The Political Side Effects of Tolerating Legal Pot
Attorney General Eric Holder’s recent announcement that the federal government wouldn’t challenge Colorado and Washington state’s ability to implement a legal regulatory system for adult recreational marijuanause marked a tremendous political victory for reform if not a definitive legal victory.
Technically, pot remains illegal across the nation. But Holder went as far as he could under our system of checks and balances.
While the Executive Branch can’t negate the laws made by Congress, the Justice Department found a way to “deprioritize” some of them. Holder told our 93 U.S. Attorneys — who have traditionally enjoyed a wide degree of latitude and deference in deciding how to uphold federal law in their districts — to exercise prosecutorial discretion. They were told to make marijuana enforcement a low priority when those cases don’t violate an eight-point checklist for more serious federal enforcement priorities.

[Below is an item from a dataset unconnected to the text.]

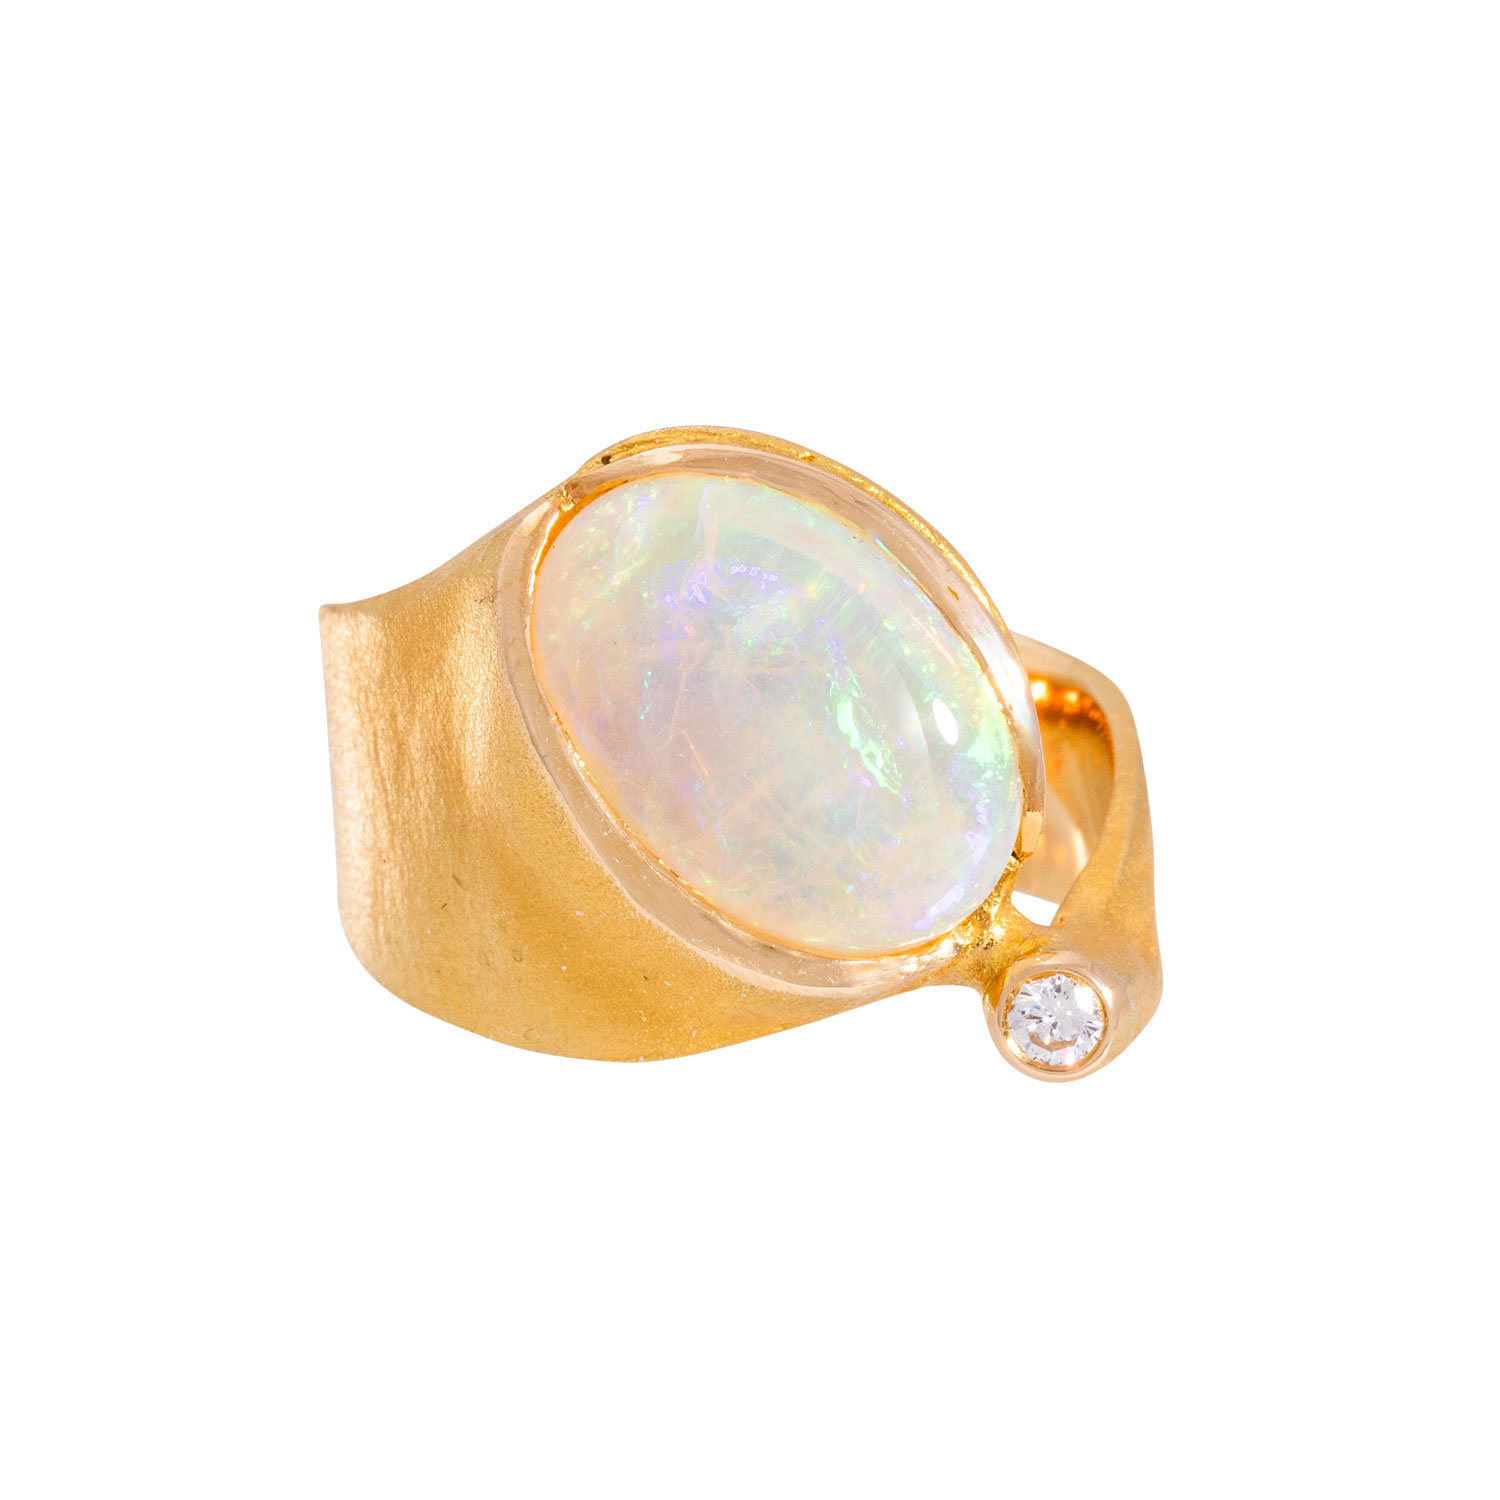 Ring mit Crystalopal und Brillant ca. 0,06 ct (punziert), - Image 2 of 4

In other words, the authorities don’t have to crack down on marijuana transactions in states where they are legal unless someone is doing something like selling to minors or running a drug cartel. While Holder can urge U.S. attorneys to focus on more serious cases, he can’t legallyorder them to do so. That renders his guidance essentially voluntary. Prosecutors can theoretically enforce any federal law on the books despite what individual states decide.

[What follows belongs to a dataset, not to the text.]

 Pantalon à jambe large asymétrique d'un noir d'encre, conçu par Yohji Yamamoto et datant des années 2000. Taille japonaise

The handful of prosecutors who have waged a campaign against medical marijuana in California and other western states may continue to legally enforce existing laws if they choose to do so. The political implications, however, are tremendous both at home and abroad.
By tolerating legalization in Colorado and Washington, the federal government is at odds with the UN treaties governing the international drug war. Since the United States used to be the drug war’s chief global advocate, this retreat on marijuana legalization sends a powerful message to the rest of the world.
Many Latin American and European nations have long wanted to overhaul their drug laws but had been afraid of running afoul of the UN’s drug conventions and perhaps triggering U.S. reprisals. Now they have much more political space to consider alternative policies. That could make a difference in Uruguay, which is on the brink of legalizing recreational marijuana.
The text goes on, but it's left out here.